The Federal Communications commission has opened up a wide swath of wireless spectrum for unlicensed use by Wi-Fi devices, which will lead to Wi-Fi access points that have greatly expanded capacity.

It’s a huge victory for the Wi-Fi industry, as the ruling means that the amount of spectrum available for Wi-Fi just about quintupled in an instant. That means big, spacious channels – and a lot more channels overall – that can handle a lot more data and a lot more connections at the same time, according to Aruba vice president of wireless strategy and standards Chuck Lukaszewski.

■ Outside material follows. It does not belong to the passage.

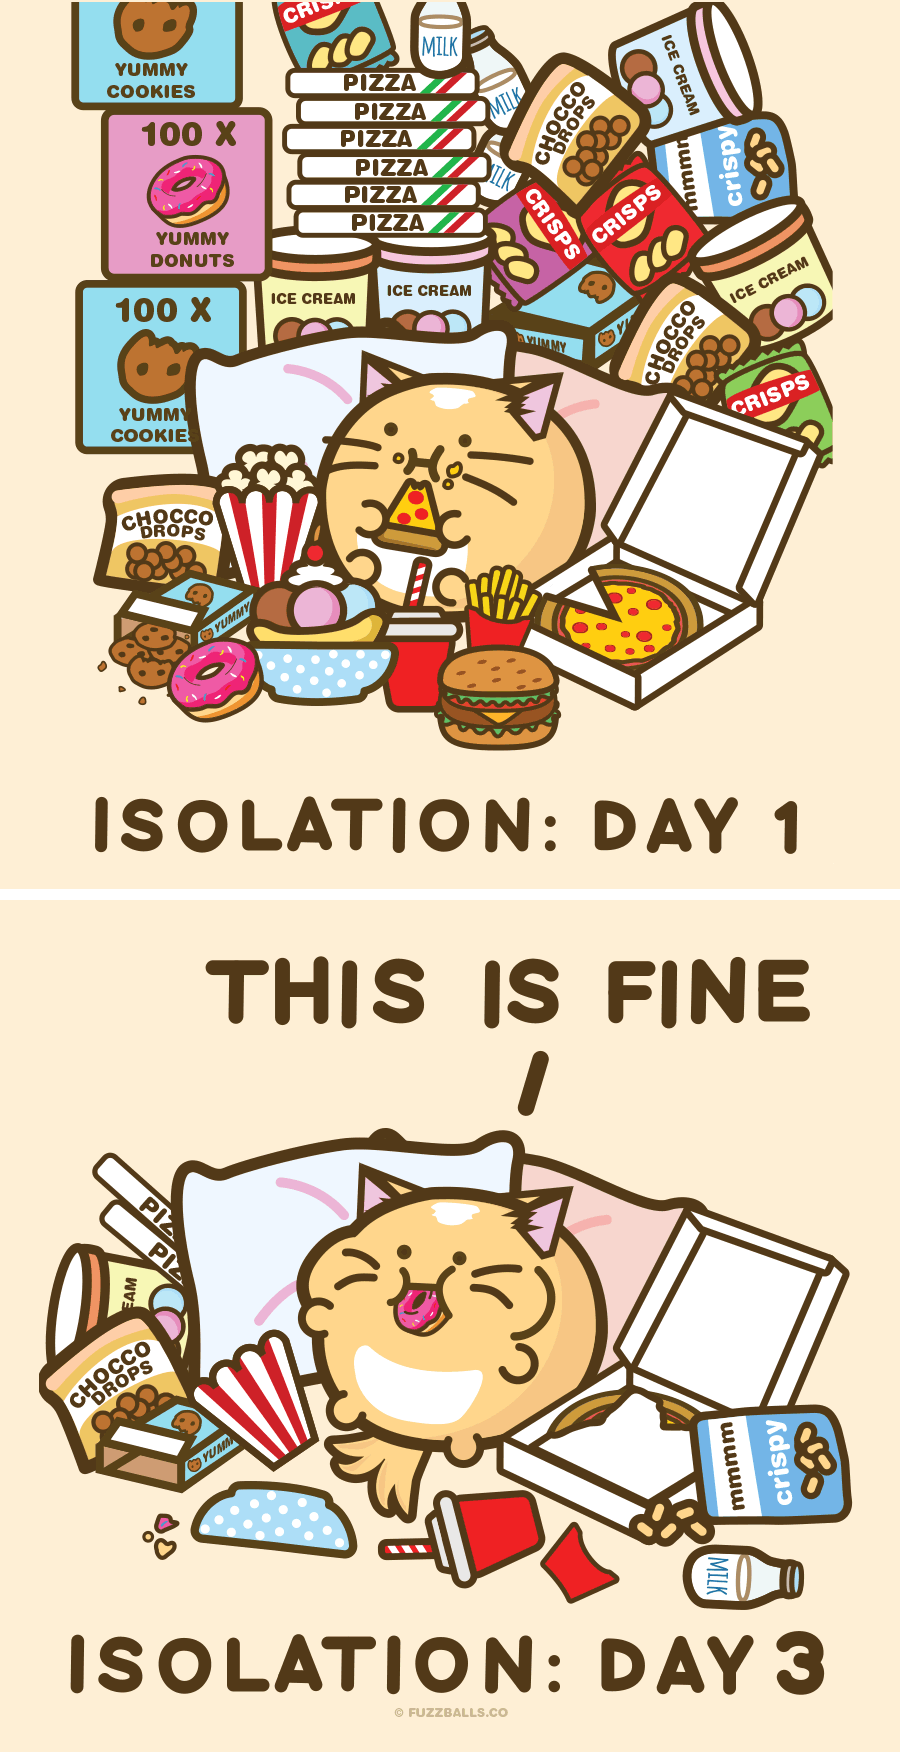 Isolation life

“Overnight, you’re going to see an additional gigabit per second or more of potential throughput,” he said.

That’s a major upside, certainly, even if “overnight” might be a slightly optimistic view of when Wi-Fi 6E – the trade name for the new version of Wi-Fi that will take advantage of the new spectrum – hits the market. While some of the necessary standards haven’t yet been finalized by the IEEE, the basic ability to use 6GHz frequencies is already written into the existing Wi-Fi 6 specification.

Broadcom director of product marketing and government affairs Chris Szymanski said that the main technical hurdle to implementing Wi-Fi 6E will be new radios, but that his company is among those that has already been designing and building compatible silicon.

“I expect that the FCC will provide guidance on how to certify devices in the next few months,” he said. “I expect product available in the US in the late fall before the holidays.”